How long do you want ARIN resources to be generally available for?
1-2 years?
3-5 years?
>
> Rationale:
>
> There has been discussion in the community that ARIN's inventory of IPv4
> addresses may be excessive given the reduction in the rate of
> consumption which is concurrent with the reduction to a 3 month supply
> when ARIN received its last /8 at IANA run-out.
In other words, soft landing is working surprisingly well, cutting the
burn rate and extending ARIN's IPv4 availability, which every sane
person should consider a good thing, considering the dismal state of
IPv6 adoption.
> And that such an excess
> inventory in the ARIN region may be damaging the transition to IPv6 by
IPv6 does not deserve a chance if it must come from hastening the demise
of IPv4.
Doing so is wrong and irresponsible. Is is also not within your power.

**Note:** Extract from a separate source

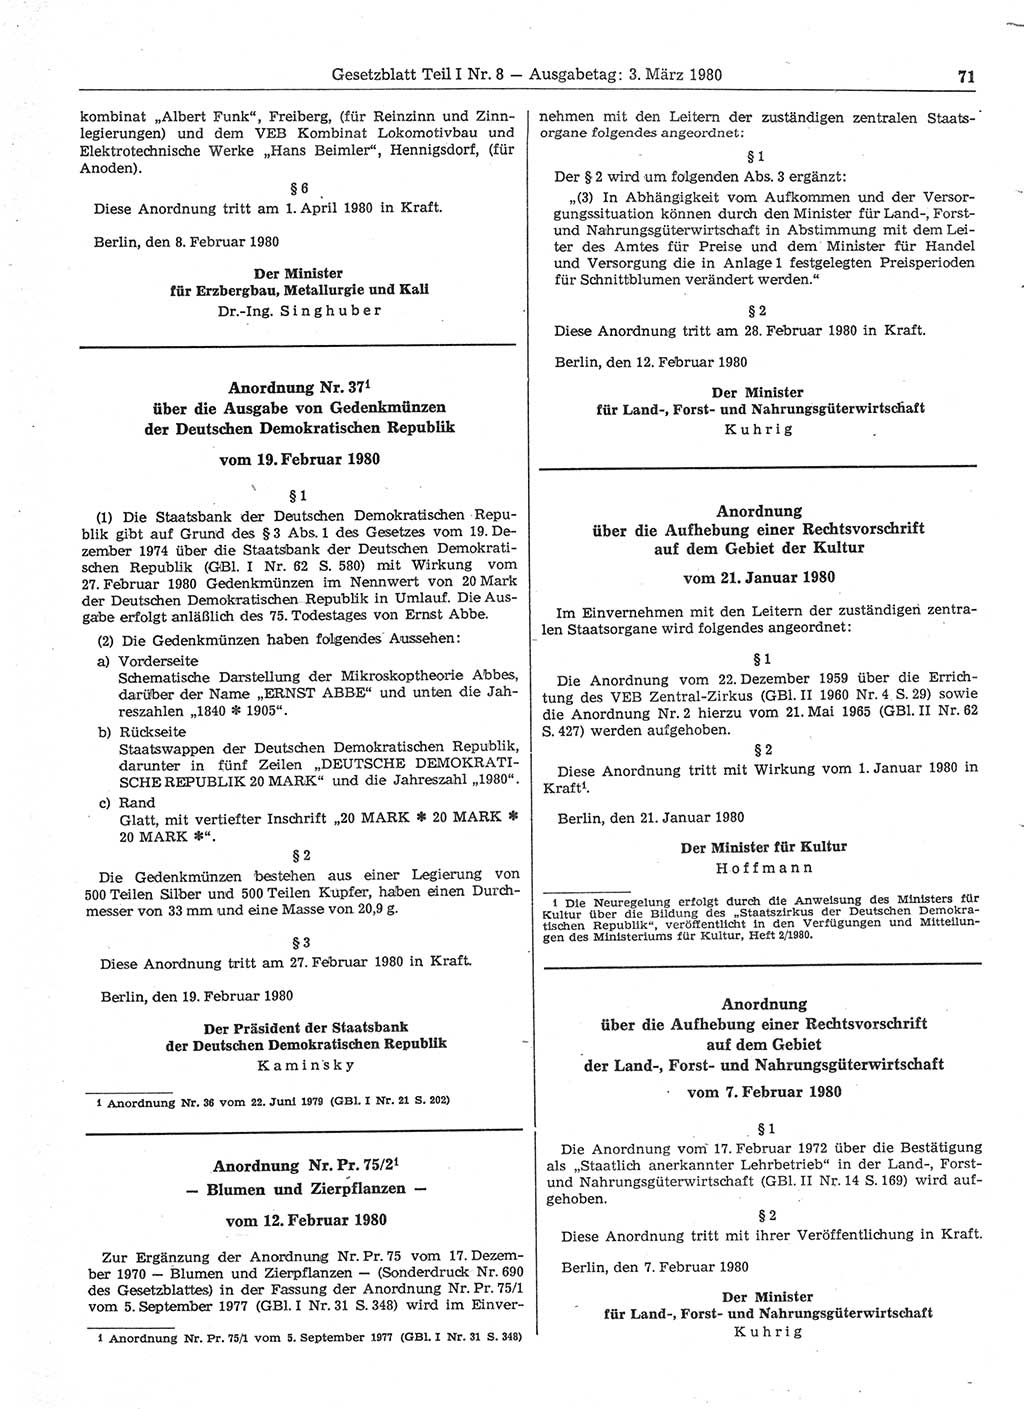 Gesetzblatt (GBl.) der Deutschen Demokratischen Republik (DDR) Teil Ⅰ 1980, Seite 71 (GBl. DDR Ⅰ 1980, S. 71)
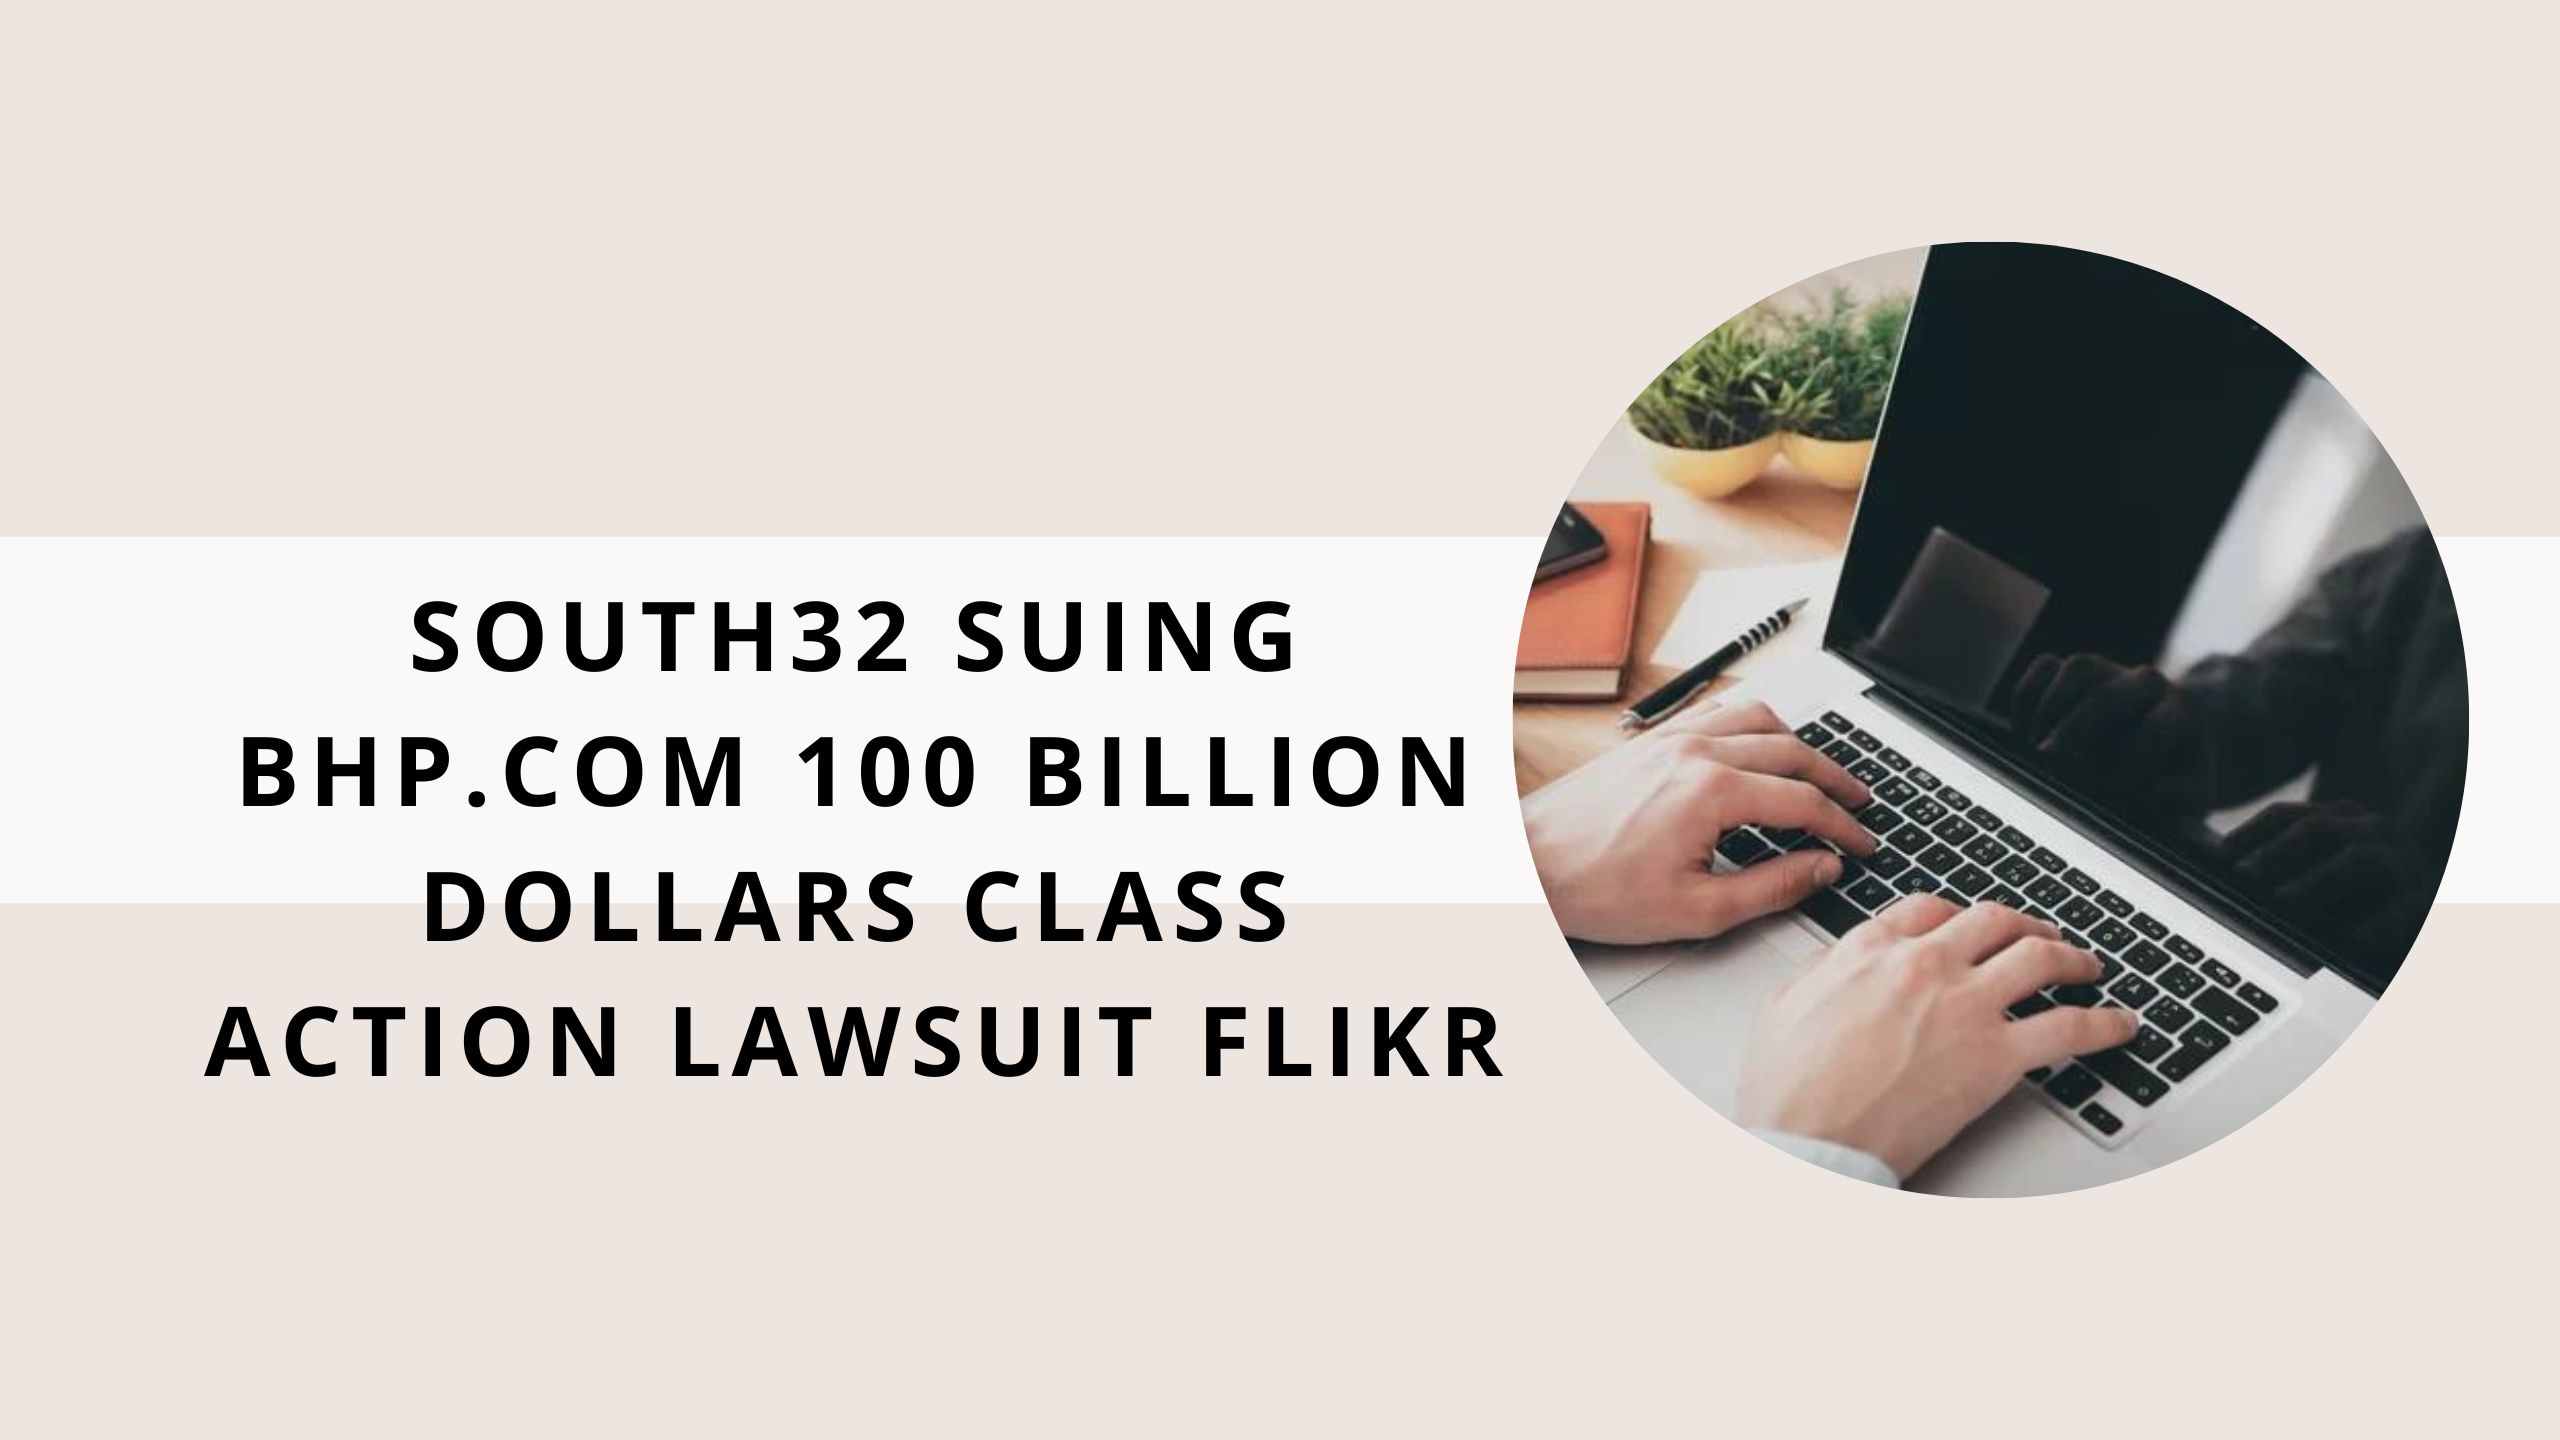 South32 Suing Bhp.com 100 Billion Dollars Class Action Lawsuit Flikr

You cant kill IPv4. All you can do is try to ensure that the registries
are not in the business of providing it.
That leaves everybody else, especially those who have gobs of it. Fine
stewardship, that, leaving the community solely to the mercy of the
commercial interests.
Thus taking an irresponsible idea and turning it into downright immoral.
Besides, you all had your chance to deplete ARIN, and nobody was brave
enough to step up to that plate.
> elongating the amount of time between ARIN's exhaustion and exhaustion
> by other RIR's, thus creating a dangerous skew across parts of Internet
> in the need to transition to IPv6.
They are welcome to try and be more responsible if they want to extend
their availability. I welcome them doing so.
Did not APNIC do something like that already?
> ARIN's stewardship responsibilities are of primary concern in this
> region. However, restoring the a 12 month supply of addresses is
> consistent with these stewardship responsibilities.
No it isnt. Its contradictory. Its reversing an effective mechanism that
preserves IPv4 availability to everybody within the ARIN region.
> Asking businesses to
> request addresses on a three month basis with such large inventory
> available at ARIN unnecessarily increases the cost and complexity of
> operating networks; repeated and slow interactions with ARIN, duplicate
> paperwork requirements and an inefficient use of resources by all
> compound the pain.
This is the soft landing at work.
More inconvenience, less pain.
Greater general availability, greater efficiency of resource
utilization, more time to get further with IPv6 transition then we are
now, gradual increase of scarcity pressures instead of sudden shocks.
All good things. Unlike this draft policy.